Un pequeño valor de C incluye más/todas las observaciones, permitiendo que los márgenes se calculen utilizando todos los datos del área.

  • plot svm margin
  • plot svm margin

Out:

/home/mapologo/Descargas/scikit-learn-0.24.X/examples/svm/plot_svm_margin.py:81: MatplotlibDeprecationWarning: shading='flat' when X and Y have the same dimensions as C is deprecated since 3.3.  Either specify the corners of the quadrilaterals with X and Y, or pass shading='auto', 'nearest' or 'gouraud', or set rcParams['pcolor.shading'].  This will become an error two minor releases later.
  plt.pcolormesh(XX, YY, Z, cmap=plt.cm.Paired)
/home/mapologo/Descargas/scikit-learn-0.24.X/examples/svm/plot_svm_margin.py:81: MatplotlibDeprecationWarning: shading='flat' when X and Y have the same dimensions as C is deprecated since 3.3.  Either specify the corners of the quadrilaterals with X and Y, or pass shading='auto', 'nearest' or 'gouraud', or set rcParams['pcolor.shading'].  This will become an error two minor releases later.
  plt.pcolormesh(XX, YY, Z, cmap=plt.cm.Paired)

print(__doc__)


# Code source: Gaël Varoquaux
# Modified for documentation by Jaques Grobler
# License: BSD 3 clause

import numpy as np
import matplotlib.pyplot as plt
from sklearn import svm

# we create 40 separable points
np.random.seed(0)
X = np.r_[np.random.randn(20, 2) - [2, 2], np.random.randn(20, 2) + [2, 2]]
Y = [0] * 20 + [1] * 20

# figure number
fignum = 1

# fit the model
for name, penalty in (('unreg', 1), ('reg', 0.05)):

    clf = svm.SVC(kernel='linear', C=penalty)
    clf.fit(X, Y)

    # get the separating hyperplane
    w = clf.coef_[0]
    a = -w[0] / w[1]
    xx = np.linspace(-5, 5)
    yy = a * xx - (clf.intercept_[0]) / w[1]

    # plot the parallels to the separating hyperplane that pass through the
    # support vectors (margin away from hyperplane in direction
    # perpendicular to hyperplane).

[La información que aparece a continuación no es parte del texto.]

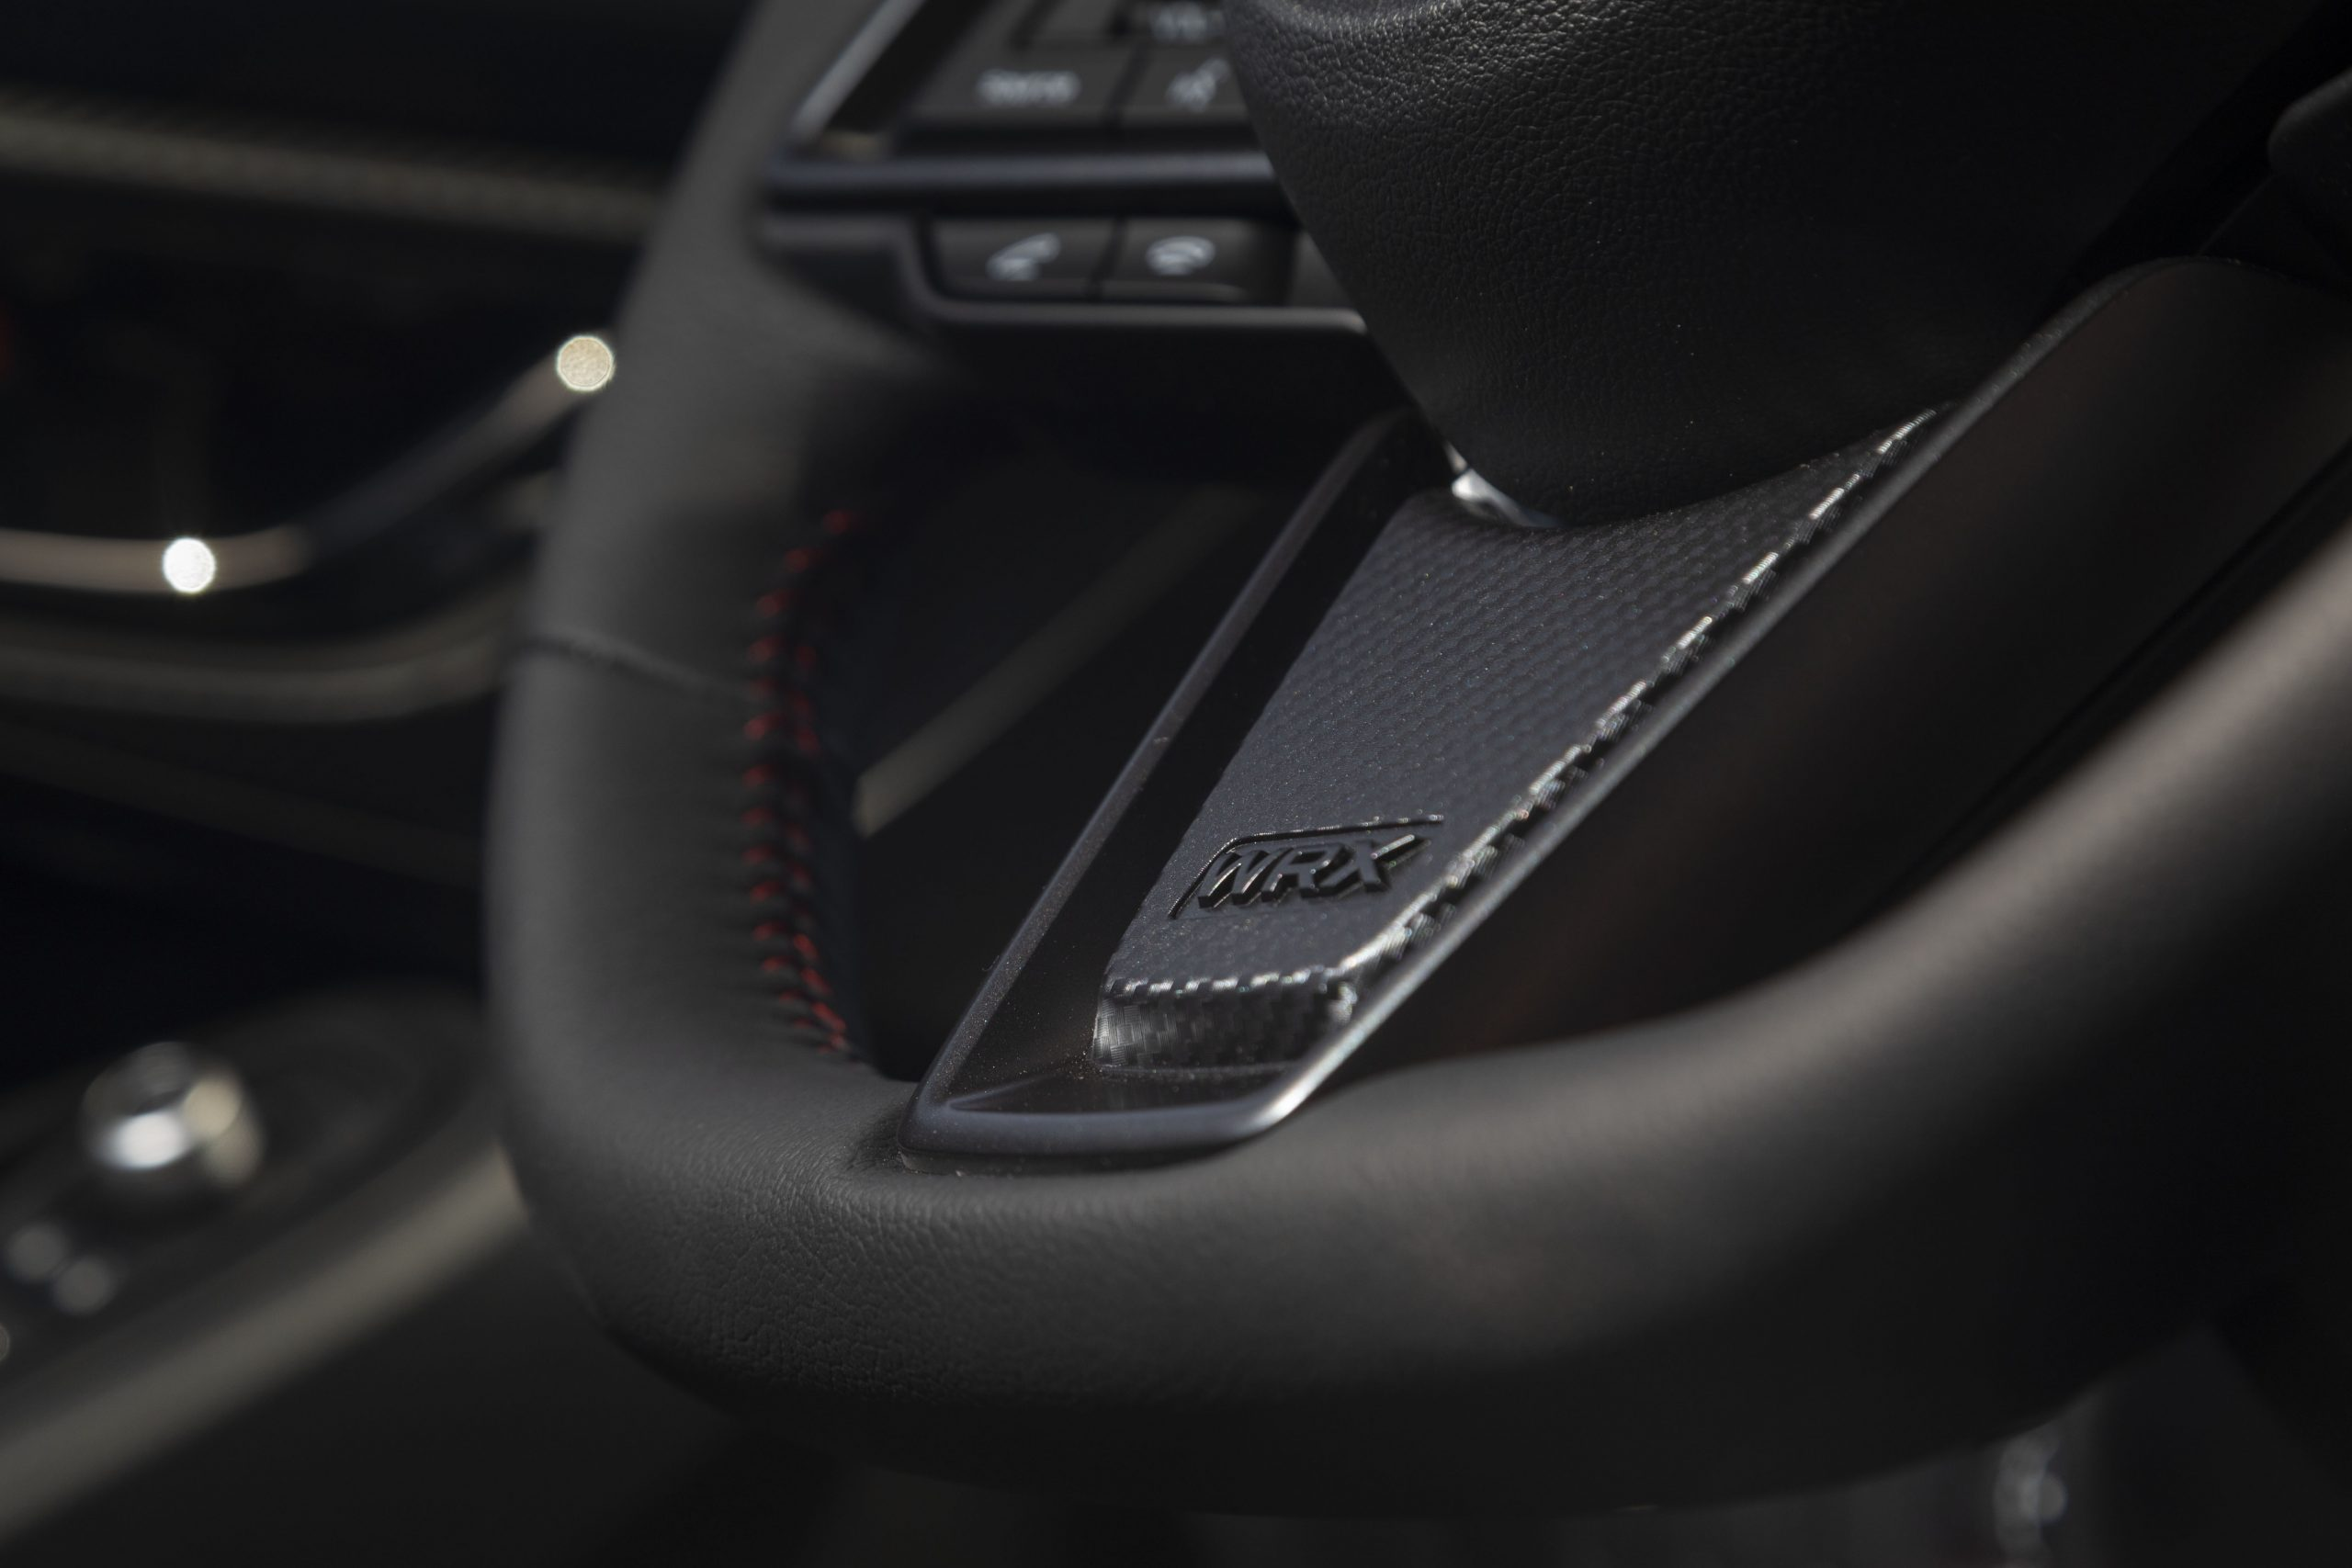 2022 Subaru WRX interior steering wheel detail

This is sqrt(1+a^2) away vertically in
    # 2-d.
    margin = 1 / np.sqrt(np.sum(clf.coef_ ** 2))
    yy_down = yy - np.sqrt(1 + a ** 2) * margin
    yy_up = yy + np.sqrt(1 + a ** 2) * margin

    # plot the line, the points, and the nearest vectors to the plane
    plt.figure(fignum, figsize=(4, 3))
    plt.clf()
    plt.plot(xx, yy, 'k-')
    plt.plot(xx, yy_down, 'k--')
    plt.plot(xx, yy_up, 'k--')

    plt.scatter(clf.support_vectors_[:, 0], clf.support_vectors_[:, 1], s=80,
                facecolors='none', zorder=10, edgecolors='k')
    plt.scatter(X[:, 0], X[:, 1], c=Y, zorder=10, cmap=plt.cm.Paired,
                edgecolors='k')

    plt.axis('tight')
    x_min = -4.8
    x_max = 4.2
    y_min = -6
    y_max = 6

    XX, YY = np.mgrid[x_min:x_max:200j, y_min:y_max:200j]
    Z = clf.predict(np.c_[XX.ravel(), YY.ravel()])

    # Put the result into a color plot
    Z = Z.reshape(XX.shape)
    plt.figure(fignum, figsize=(4, 3))
    plt.pcolormesh(XX, YY, Z, cmap=plt.cm.Paired)

    plt.xlim(x_min, x_max)
    plt.ylim(y_min, y_max)

    plt.xticks(())
    plt.yticks(())
    fignum = fignum + 1

plt.show()

Tiempo total de ejecución del script: (0 minutos 0.170 segundos)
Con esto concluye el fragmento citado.